У приближенных императора не было выбора: им приходилось подчиняться его навязчивой идее во всех мелочах повседневной жизни. Для Аракчеева это не составляло труда: его страсть к мелочам, порядку и строгости были такими же, как и у Павла. Его камердинер вспоминал, как однажды ночью, когда в городе начался пожар, Павел послал за Аракчеевым. Аракчеев вскочил с кровати и быстро начал одеваться, но камердинер не уследил, и несколько капель воска упали с канделябра на его палевые штаны. Аракчеев тут же скинул штаны и послал за другими, которые находились в дальней комнате, и императору пришлось прождать на несколько минут дольше. «Граф так торопился, – рассказывал камердинер, – что ни одного треуха тогда мне не дал, зато после приказал больно высечь»32.
Теперь Аракчеев мог требовать от других той же любви к порядку, что и у него. Как комендант, он начал следить за чистотой в городе, особенно вокруг казарм, где скопились такие груды мусора, что по улицам невозможно были пройти. Эффект был ощутим, хотя всего через несколько лет гость из Англии был весьма потрясен контрастом между пышностью дворцов и присутственных мест Санкт-Петербурга и убожеством дворов и переулков, «которые более грязны, чем может себе представить англичанин»33. Городскую охрану усилили, и она должна была быть готовой к неожиданным проверкам, которые проводились комендантом в любой момент; эти импровизированные проверки проводились так часто, что среди солдат ходили слухи, будто Аракчеев ночью не успевает даже раздеться.

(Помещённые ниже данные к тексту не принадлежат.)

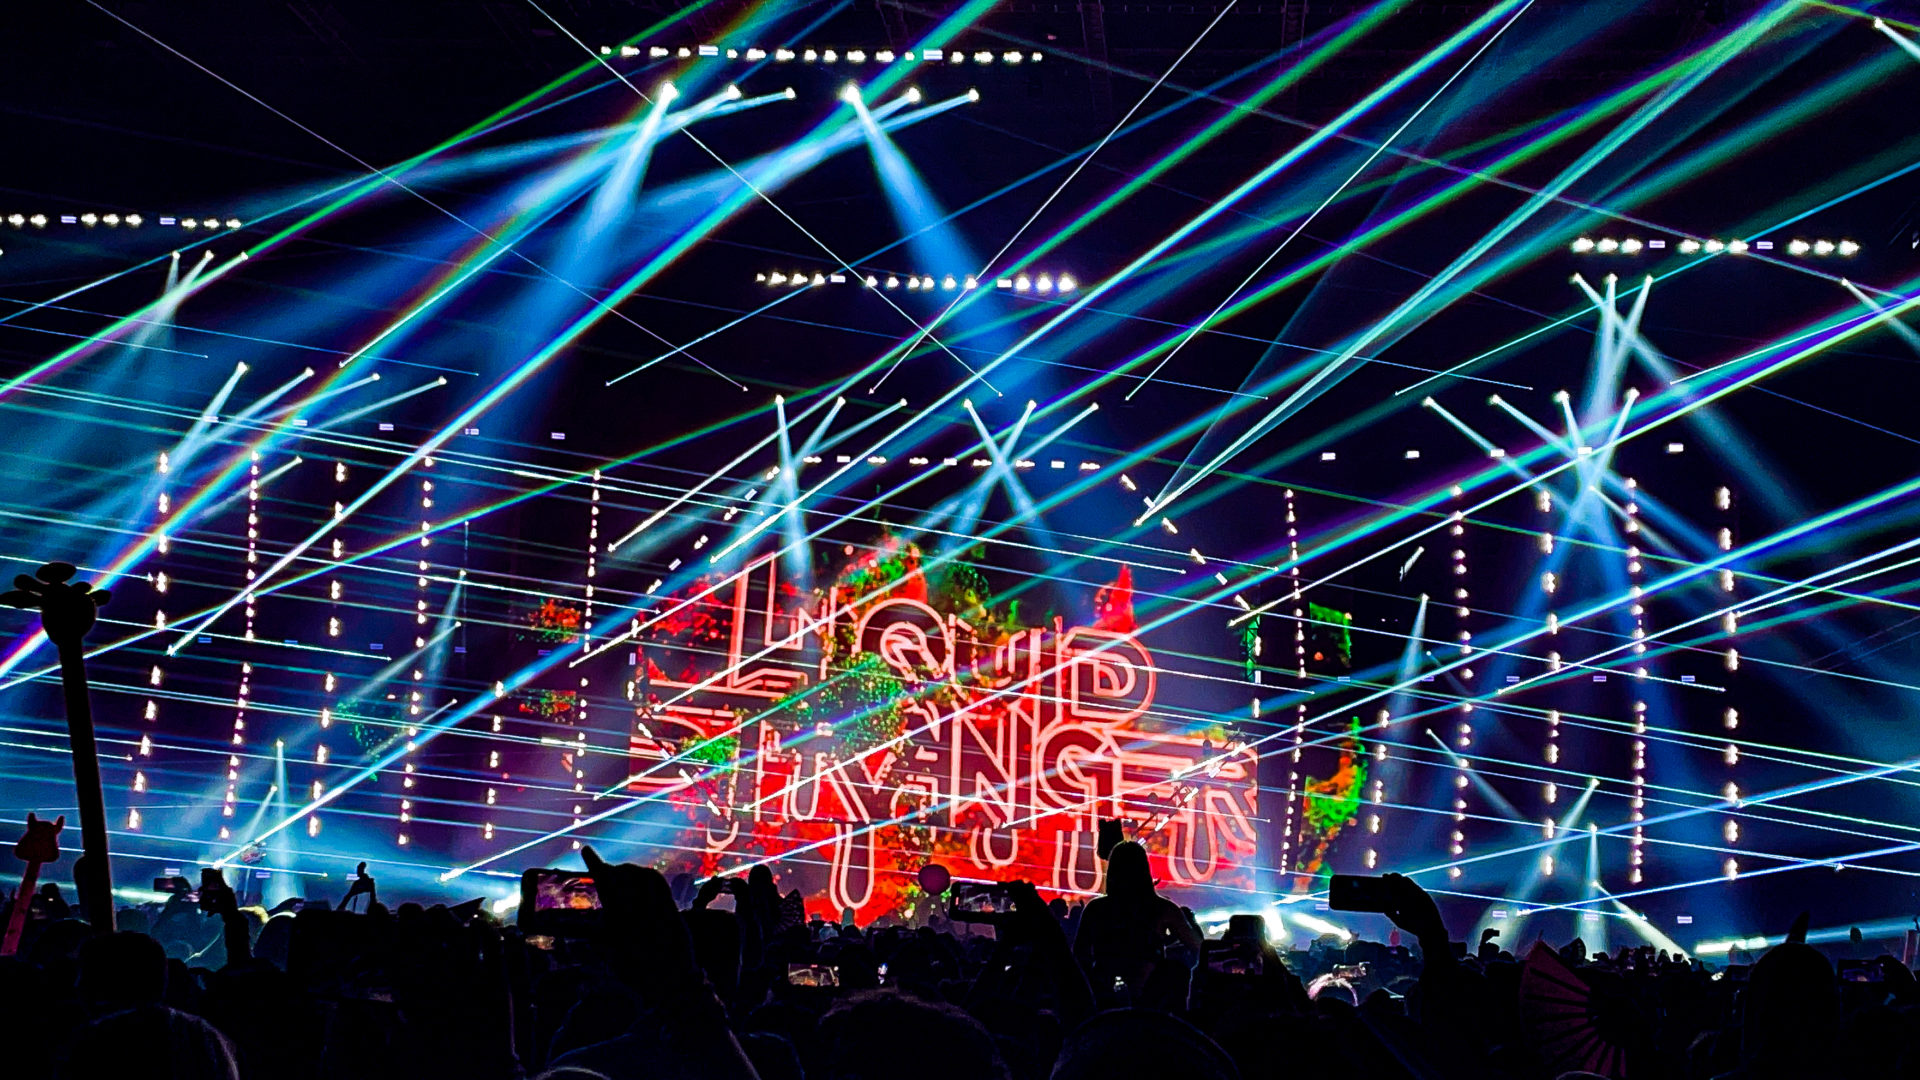 Excision's Thunderdome 2023 main stage with blue, green, and white lasers shining during Liquid Stranger's set

Но в пылу своего рвения Аракчеев не всегда был безжалостен. Однажды утром из полка Аракчеева прибыл с рапортом молодой офицер, который был так пьян, что с трудом держался на ногах и едва мог вымолвить слово. Аракчеев немедленно приказал его арестовать, и офицера посадили в кутузку. Однако через несколько часов Аракчеев вызвал своего адъютанта князя Долгорукого и сказал: «У меня из головы не идет этот молодой человек; как он мог так напиться в такой ранний час, особенно если знал, что идет ко мне с рапортом? Что-то здесь не так. Иди выясни, что все это значит». В разговоре с Долгоруким офицер признался, что все в полку застращали его Аракчеевым, говоря, что малейшая ошибка будет означать конец его карьеры. «Я никогда не пил водку, но для храбрости проглотил единым духом несколько стаканов. Я слишком мало был на свежем воздухе и предстал перед ним в этом ужасном виде. Пожалуйста, спасите меня, если можете». Когда Аракчеев это услышал, он сразу же приказал освободить офицера и пригласил на обед. Вопреки своему обыкновению, он был очень любезен и в конце обеда сказал: «Возвращайтесь в полк и скажите своим товарищам, что Аракчеев не так ужасен, как они думают»34.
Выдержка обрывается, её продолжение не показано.